**Given information**
══════════

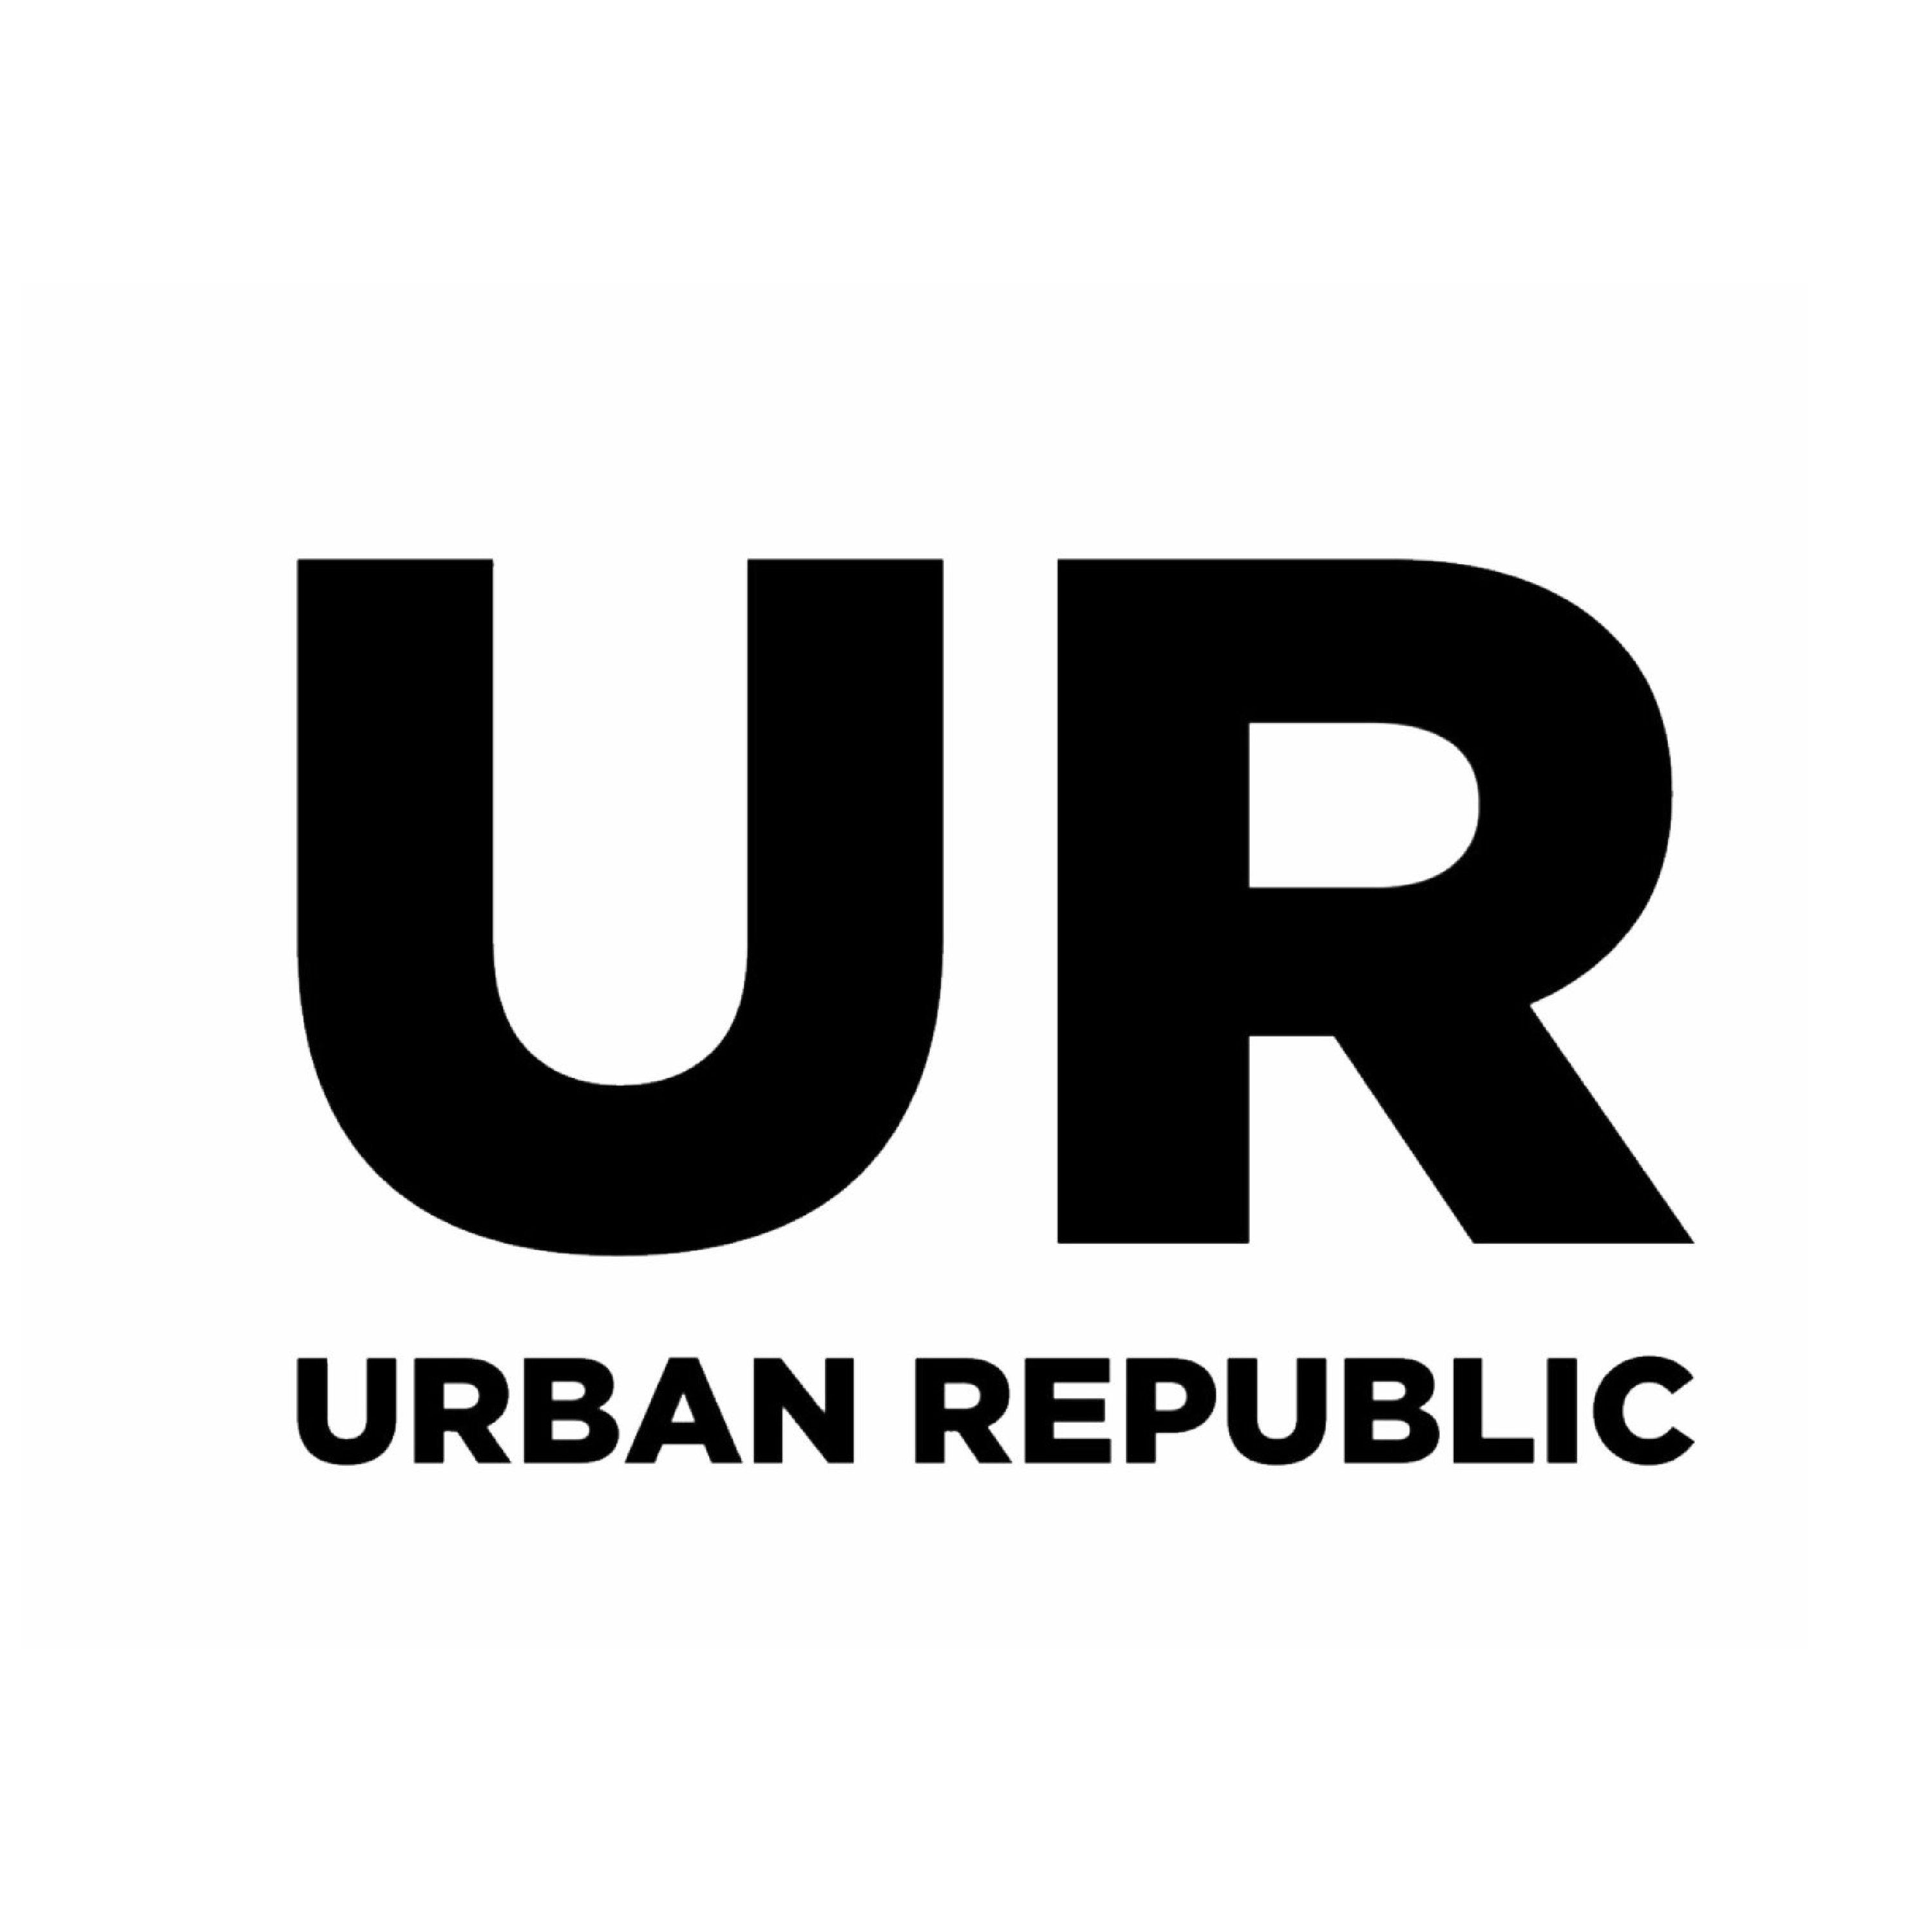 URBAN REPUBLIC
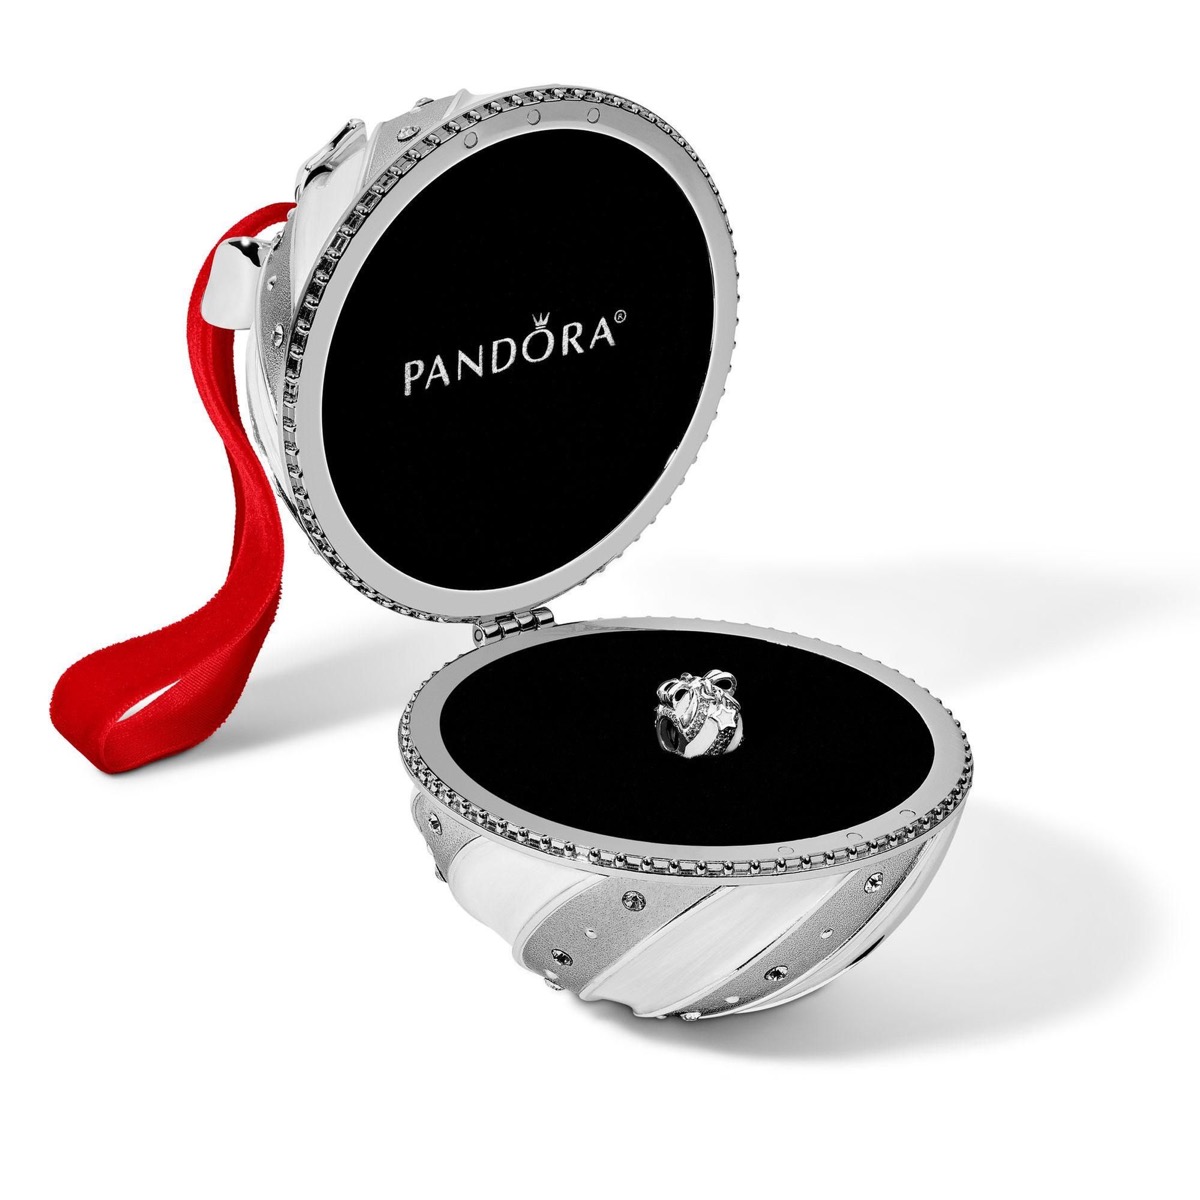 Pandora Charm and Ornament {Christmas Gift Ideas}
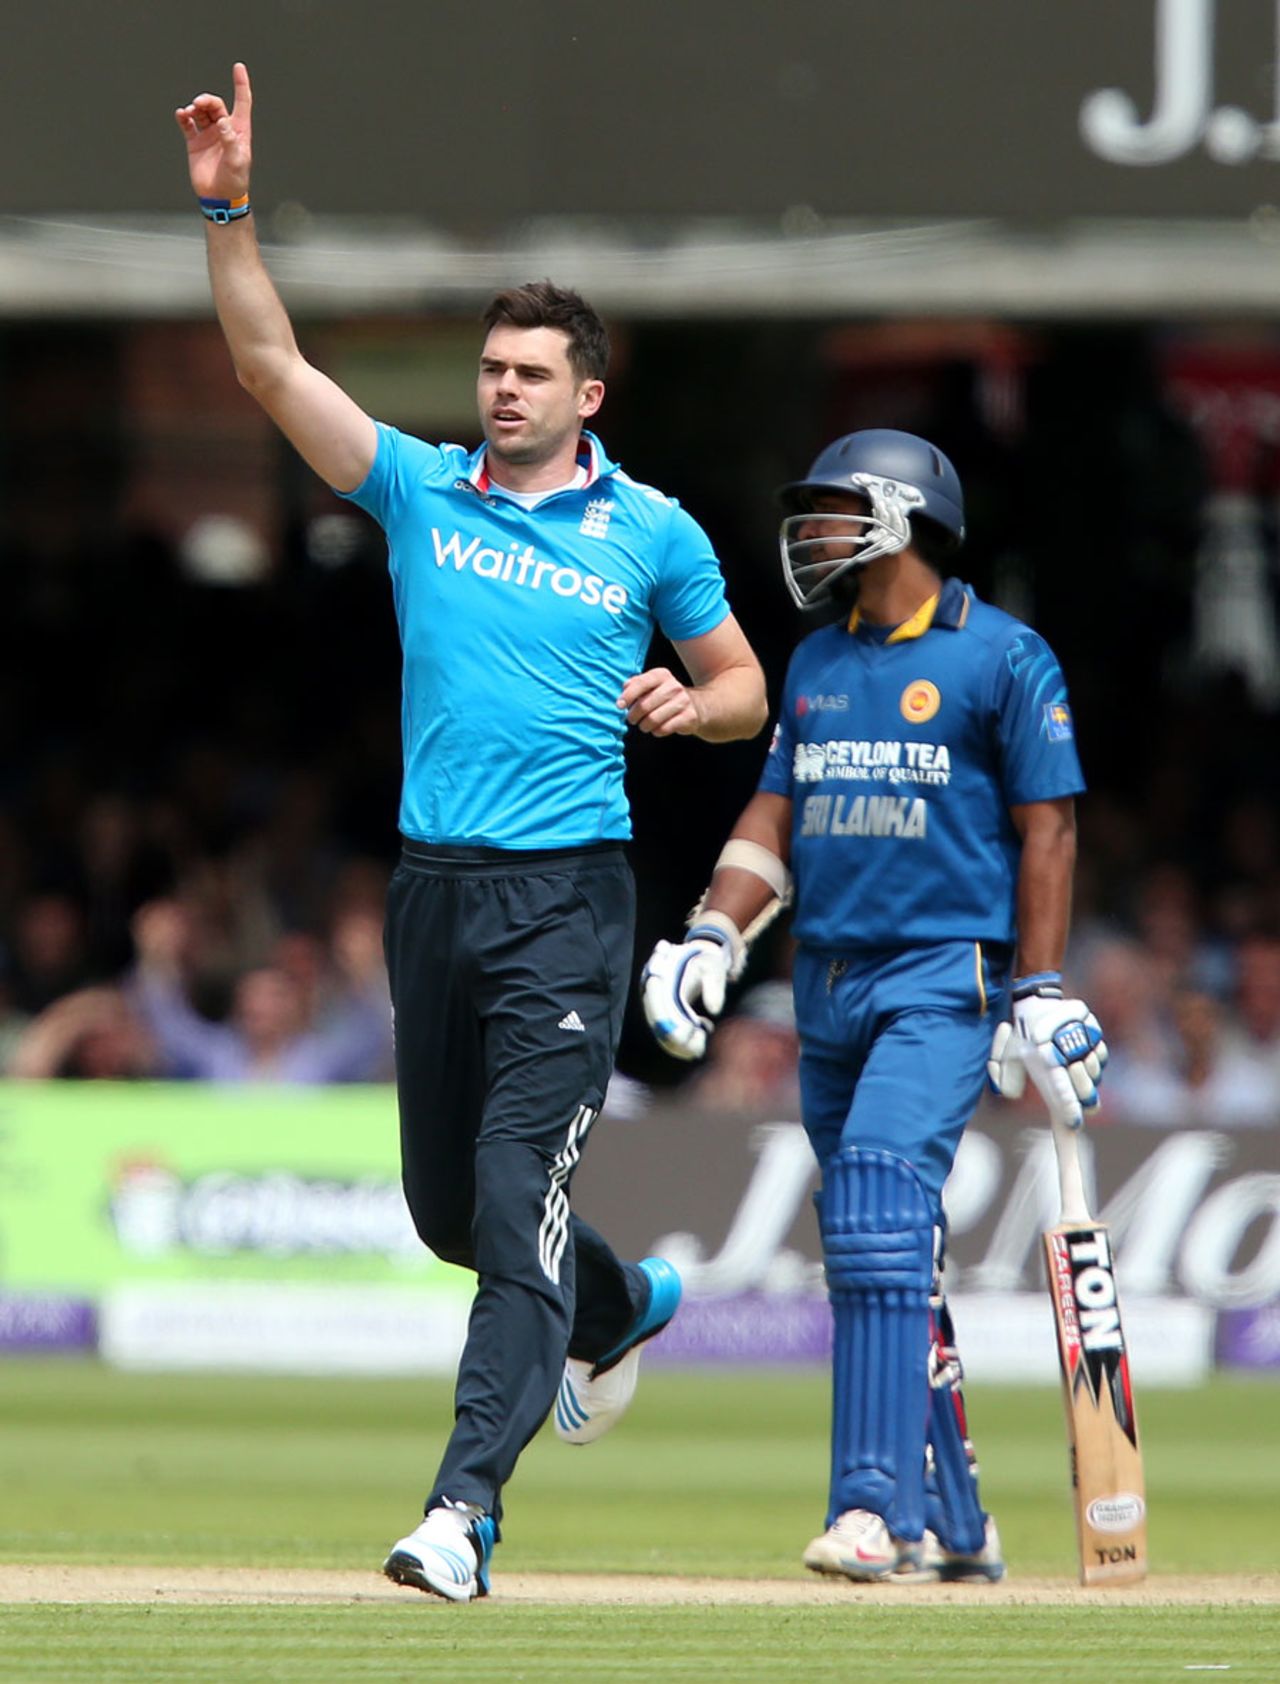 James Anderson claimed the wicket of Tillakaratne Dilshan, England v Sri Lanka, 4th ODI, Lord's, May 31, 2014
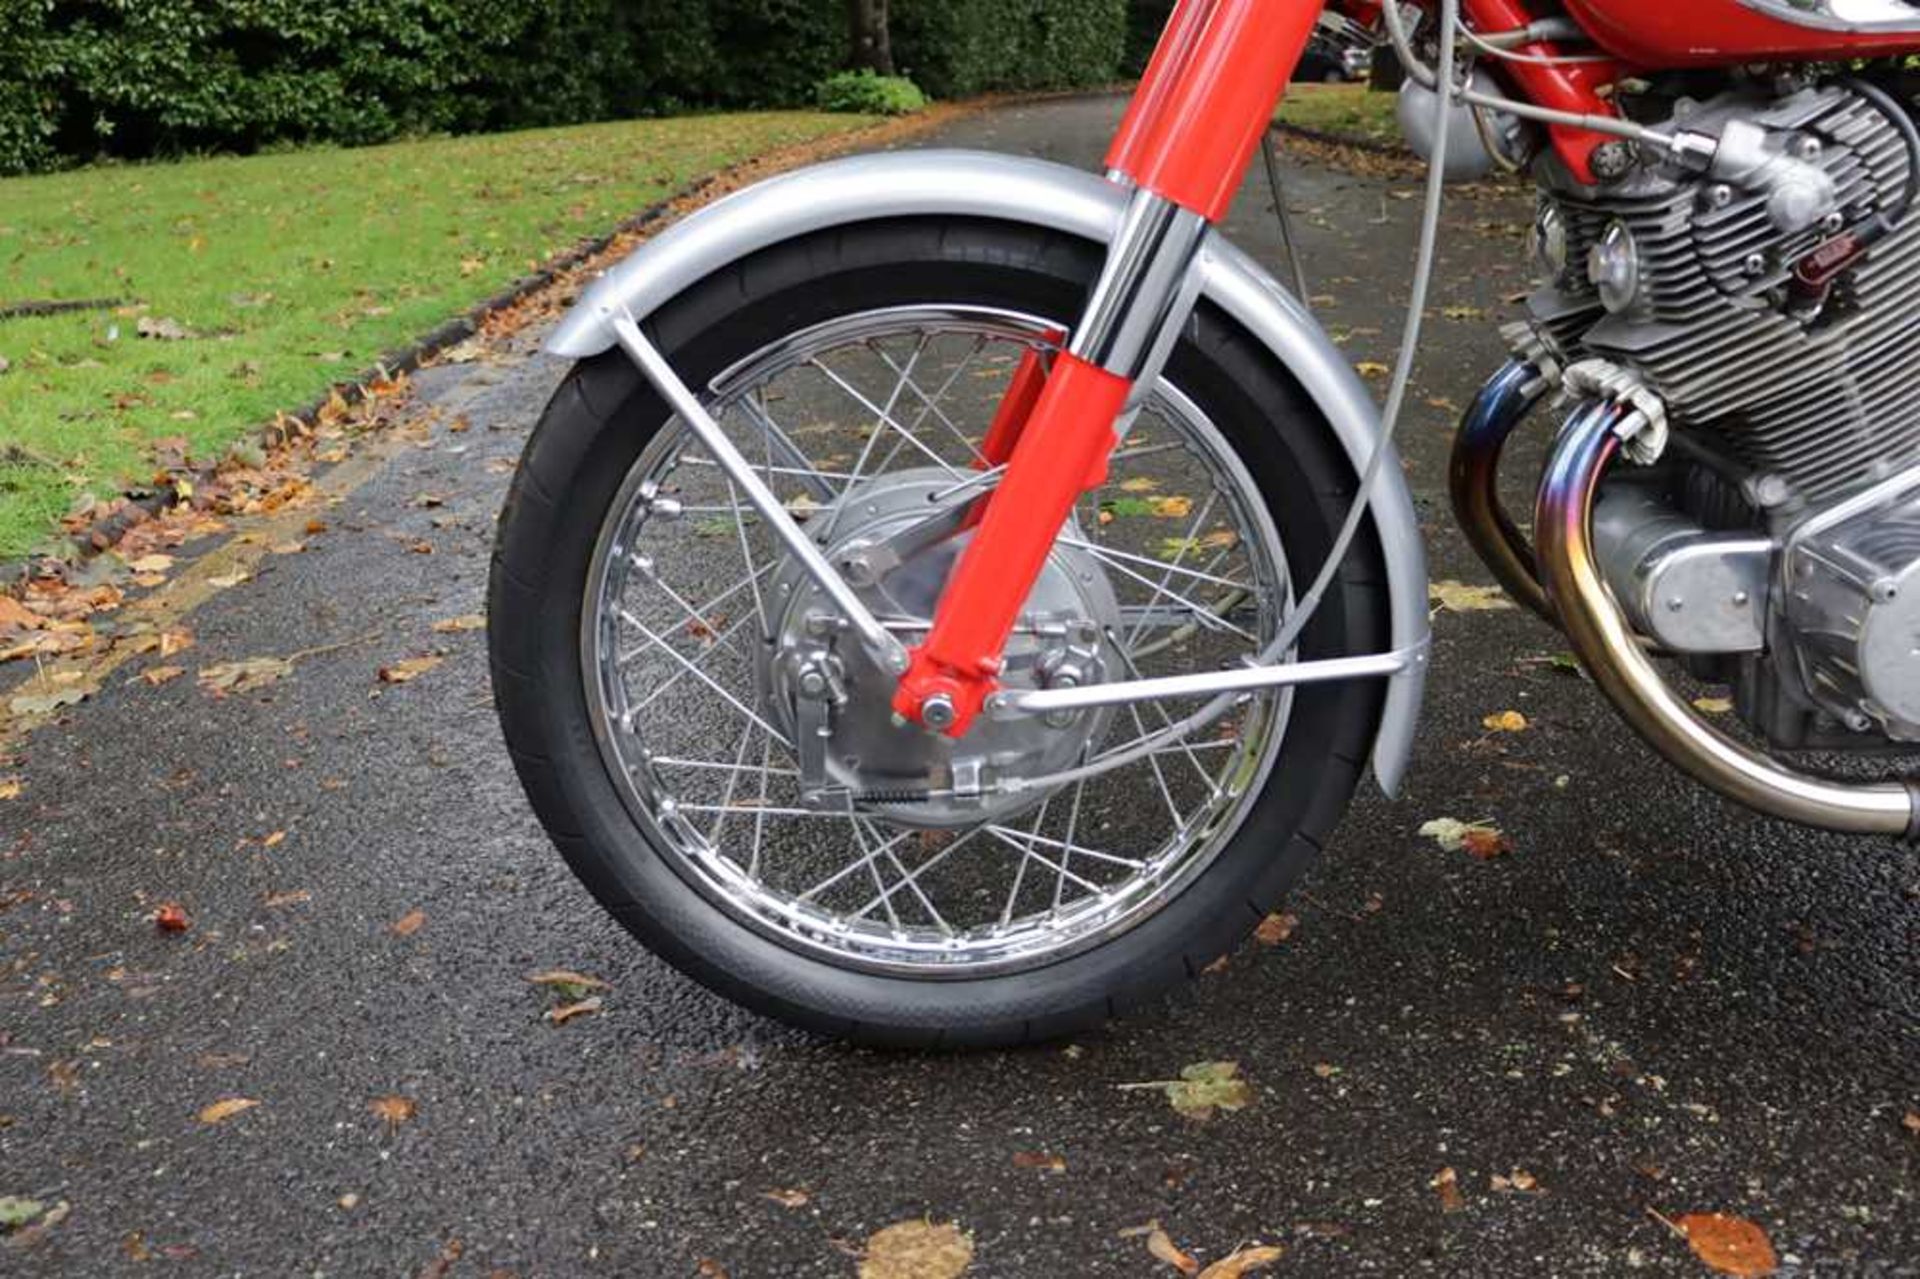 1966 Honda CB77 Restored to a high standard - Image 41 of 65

══════════

**Assignment**
Where pictures appear, skip them and transcribe all other material word for word.

**Solved problem**
 URBAN REPUBLIC
 Pandora Charm and Ornament {Christmas Gift Ideas}
 James Anderson claimed the wicket of Tillakaratne Dilshan, England v Sri Lanka, 4th ODI, Lord's, May 31, 2014
 1966 Honda CB77 Restored to a high standard - Image 41 of 65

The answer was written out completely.